Portland Lofts Associates Limited Partnership (Portland Lofts)
is a Delaware limited partnership formed on August 8, 1989 to
acquire, construct, rehabilitate, operate and manage three
buildings containing 89 residential units and 29,250 square
feet of ground floor space useable as either commercial space
or as home/studio space for artists, located at 555 Northwest
Park Avenue in Portland, Oregon. At December 31, 1997, Portland
Lofts had leased approximately 93% (unaudited) of its
residential apartment units and 91% (unaudited) of the
commercial space for a combined occupancy of 92% (unaudited).
HPP'89 contributed $3,820,000 through December 31, 1997 to the
capital of Portland Lofts and owns a general partnership
interest therein. HPP'89's investment in Portland Lofts
represents approximately 21% of the aggregate amount which
HPP'89 originally contributed to the capital of its three
Investee Entities acquired in 1989 and to purchase its direct
interest in the Cosmopolitan Building.
Rehabilitation Tax Credits generated by Portland Lofts and
allocated to HPP'89's Limited Partners totaled $1,775,571 since
inception. As of April 1, 1996, 100% of these tax credits were
fully vested.
On May 21, 1996, Portland Lofts and the holder of its mortgage
note and a $550,000 unsecured note entered into a Settlement
Agreement (the Agreement) to resolve claims concerning the
mortgage note and the unsecured note (the Notes). According to
the Agreement, Portland Lofts was allowed, until July 31, 1996,
to pay $5,400,000 to the holder in full satisfaction of the
Notes.
F-12
HISTORIC PRESERVATION PROPERTIES 1989 LIMITED PARTNERSHIP
NOTES TO FINANCIAL STATEMENTS (CONTINUED)

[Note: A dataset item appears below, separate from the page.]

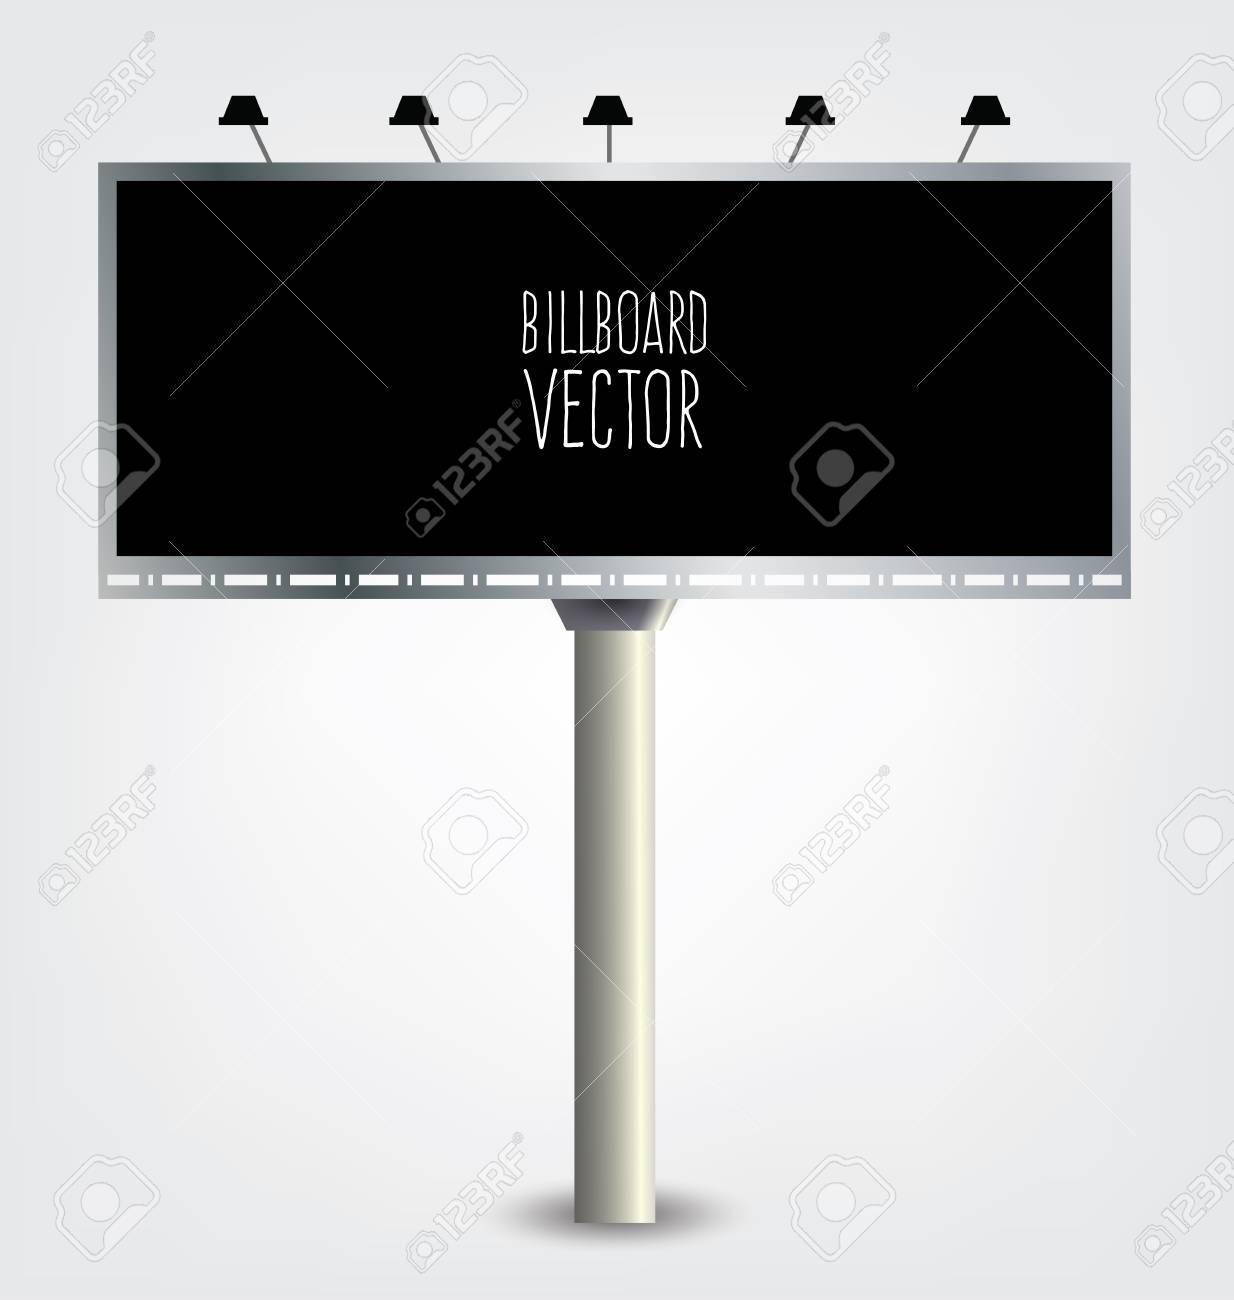 Billboard Template Outdoor Advertising Vector Illustration Royalty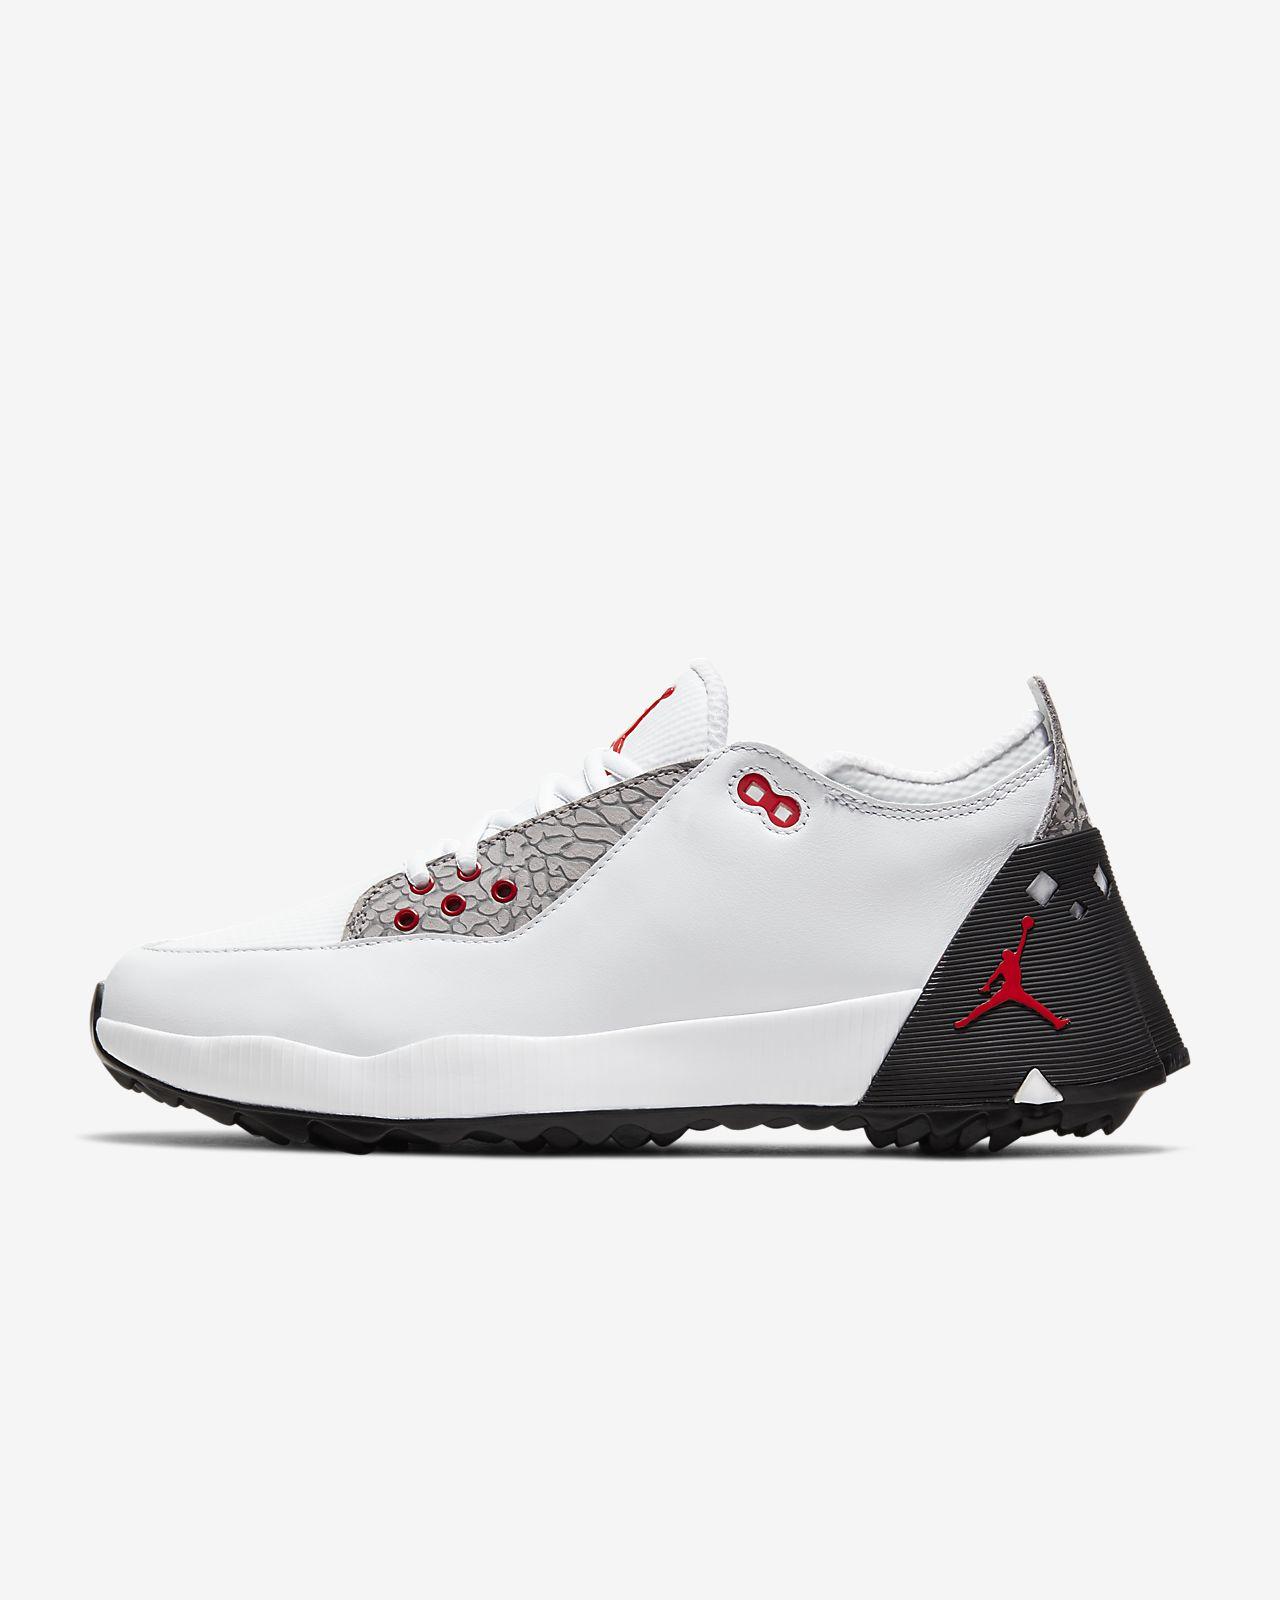 Jordan ADG Herren-Golfschuh

FOR THE YEARS ENDED DECEMBER 31, 1997, 1996 AND 1995
(3) Investments in Investee Entities and Real Estate; Commitments
and Contingencies (Continued)
On June 20, 1996, Portland Lofts issued a promissory mortgage
note to a bank in the amount of $5,625,000 and a promissory
note to one of its general partners in the amount of $340,000
to provide sufficient funds to pay in full the $5,400,000
settlement amount with the holder, a separate $400,000 note
payable and all related closing costs. The transaction
resulted in an extraordinary gain on extinguishment of debt of
$1,656,579.
In 1990, HPP'89 had reserved against its investment in Portland
Lofts reducing such investment to zero due to the substantial
doubt that Portland Lofts may not be able to continue as a
going concern. Due to the debt settlement and refinancing
completed in June 1996, Portland Lofts is expected to continue
as a going concern. Generally, under the equity method of
accounting, an investment may not be carried below zero.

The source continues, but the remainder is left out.